The drop in consumer confidence was unexpected because it came after the Bank of England cut interest rates to 5% in August, which could ease pressure on some households. On Thursday, the central bank flagged further cuts to borrowing costs, albeit “gradually.”
Inflation, a measure of how quickly prices are rising, also fell sharply, remaining at 2.2% in August, just above the central bank’s 2% target.
Neil Bellamy, director of consumer insights at GfK, said: “Despite stable inflation and the prospect of further cuts to the base interest rate, this is not all good news for the new UK government.”
He said consumers were “nervously” awaiting the upcoming Budget on October 30 following the scrapping of winter fuel payments and warnings of “further tough decisions” on taxes, spending and benefits.

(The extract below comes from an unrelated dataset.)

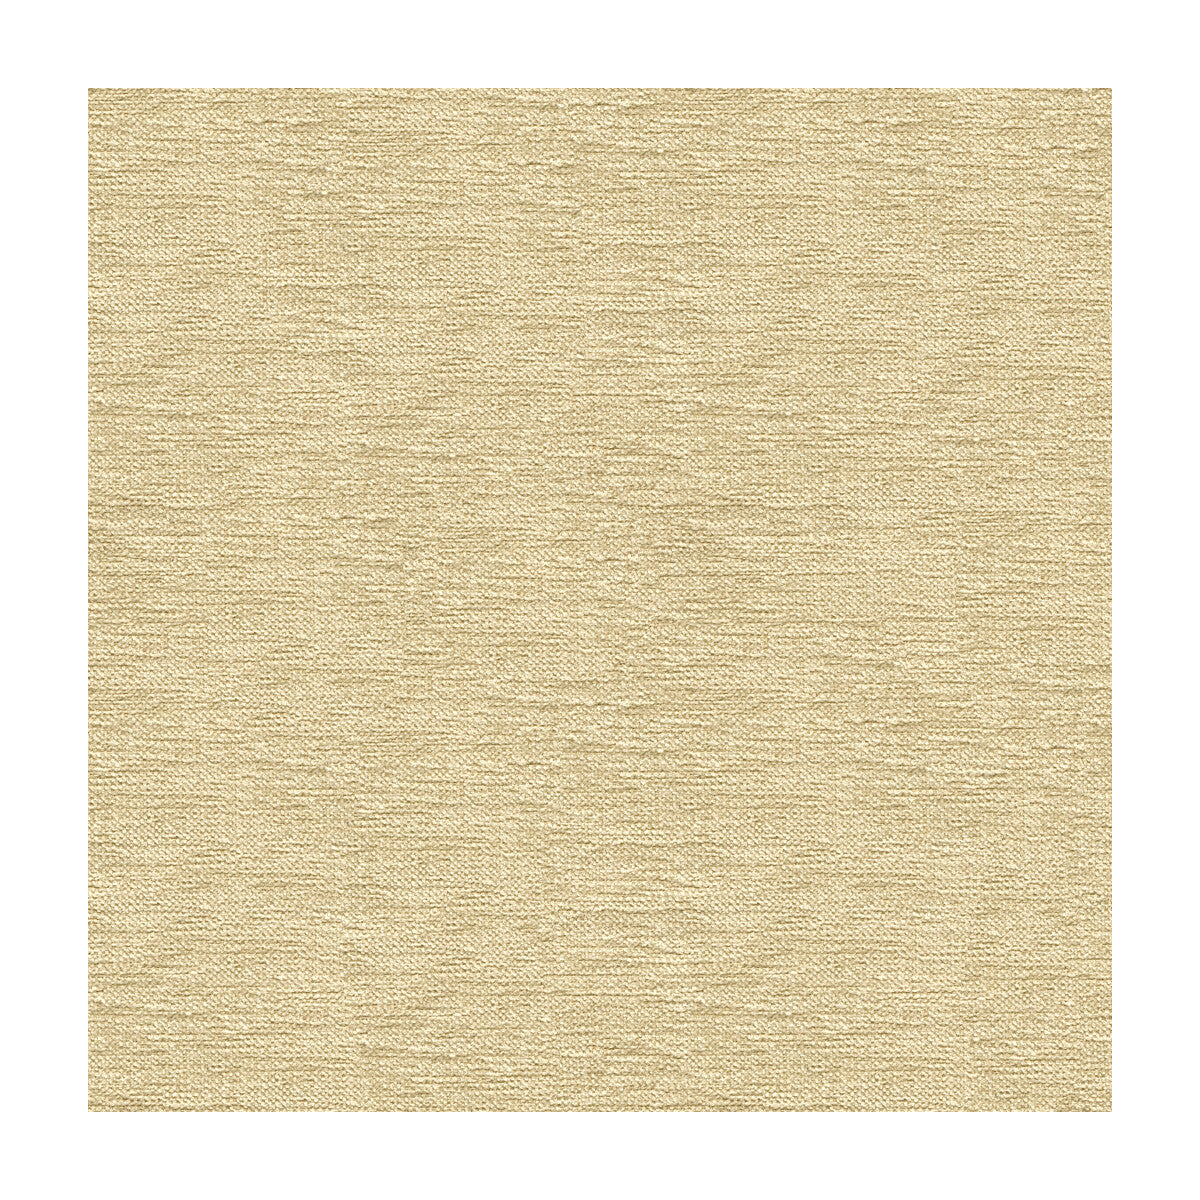 Kravet Smart fabric in 33831-1116 color - pattern 33831.1116.0 - by Kravet Smart in the Performance Crypton Home collection
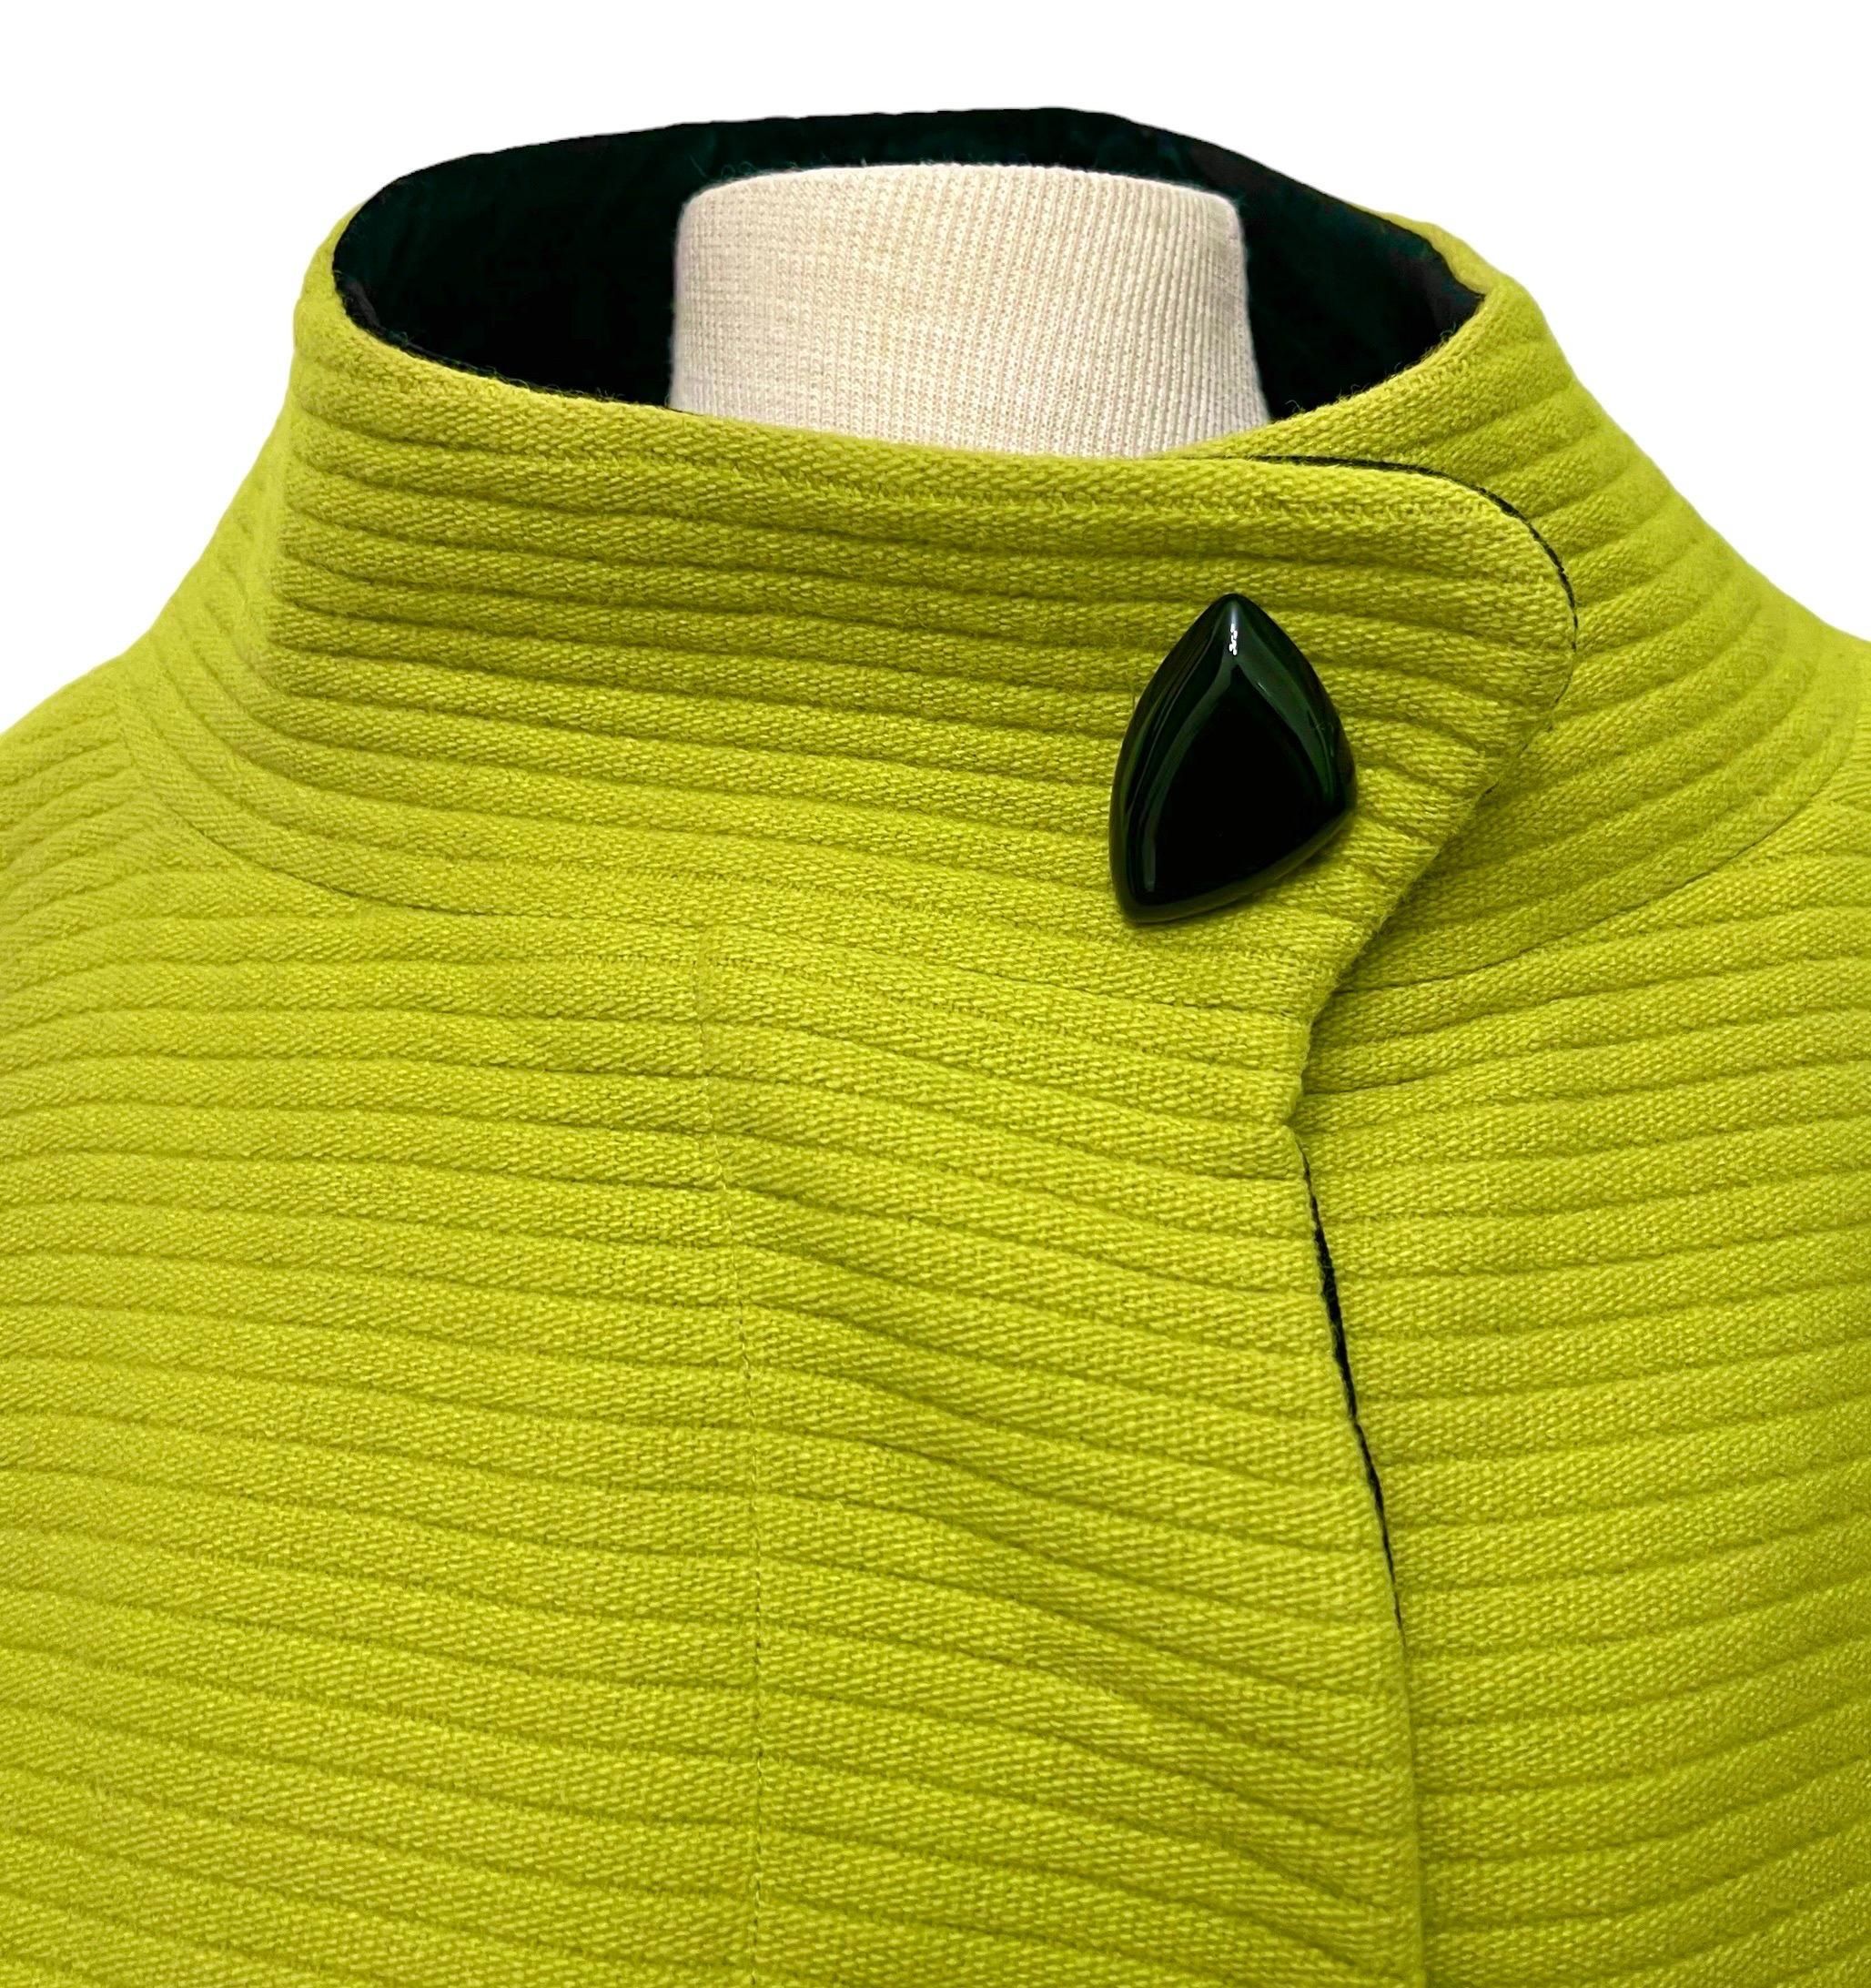 F/W 1990 Thierry Mugler Lime Green Futuristic Cocoon Coat For Sale 3

Asked last week whether “pessimism was overdone”, Chancellor Rachel Reeves told the BBC: “The latest business surveys continue to show high levels of confidence in the UK economy as this government has restored stability.”
She also spoke about how she now wants to “unleash” the country’s huge potential.
The British government claims that the public finances face a £22 billion “black hole” this year, but about £9 billion of the shortfall stems from Reeves’ decision to award a public sector pay deal above the rate of inflation.
Justin King, former chief executive of supermarket Sainsbury’s and current chairman of energy supplier Ovo Energy, said it was similar to when a company turned around, “the first thing you need to do is actually get people in place”.
“I suspect they are also engaging in some expectation management,” he told the BBC’s Today programme. “They are hoping the Budget is not as bad as people think it is, so you might as well get all the bad news out in advance so people don’t think it’s as bad as it seems.”
The latest data showed that the UK economy failed to grow in July, which is a blow to the new government which has made boosting the economy one of its top priorities.
The Bank of England also cut its economic growth forecast for July-September to 0.3% from 0.4%.
Bank of England Governor Andrew Bailey said on Thursday he believed underlying confidence was rising but consumers “want to see evidence that momentum is continuing”.
He also noted that rising incomes from surging inflation led to a “huge increase in savings” last year – an increase that outpaced consumer spending.
Although the latest figures from the Office for National Statistics showed retail sales rose 1% in August compared with July as warmer weather and end-of-season discounts attracted shoppers, the growth was only 0.7%.
The Treasury said the government had been “honest about the state of the public finances we have inherited” but added that it was “taking action to rebuild Britain based on our underlying strengths, including our world-leading renewable energy and services sectors”.
The chancellor and prime minister are expected to offer a more hopeful and optimistic economic message at next week’s Labour Party conference and at a key investment summit in mid-October.
But it is clear that this government has not reneged on the fact that the budget will include tax increases, welfare cuts and reductions in spending in government departments.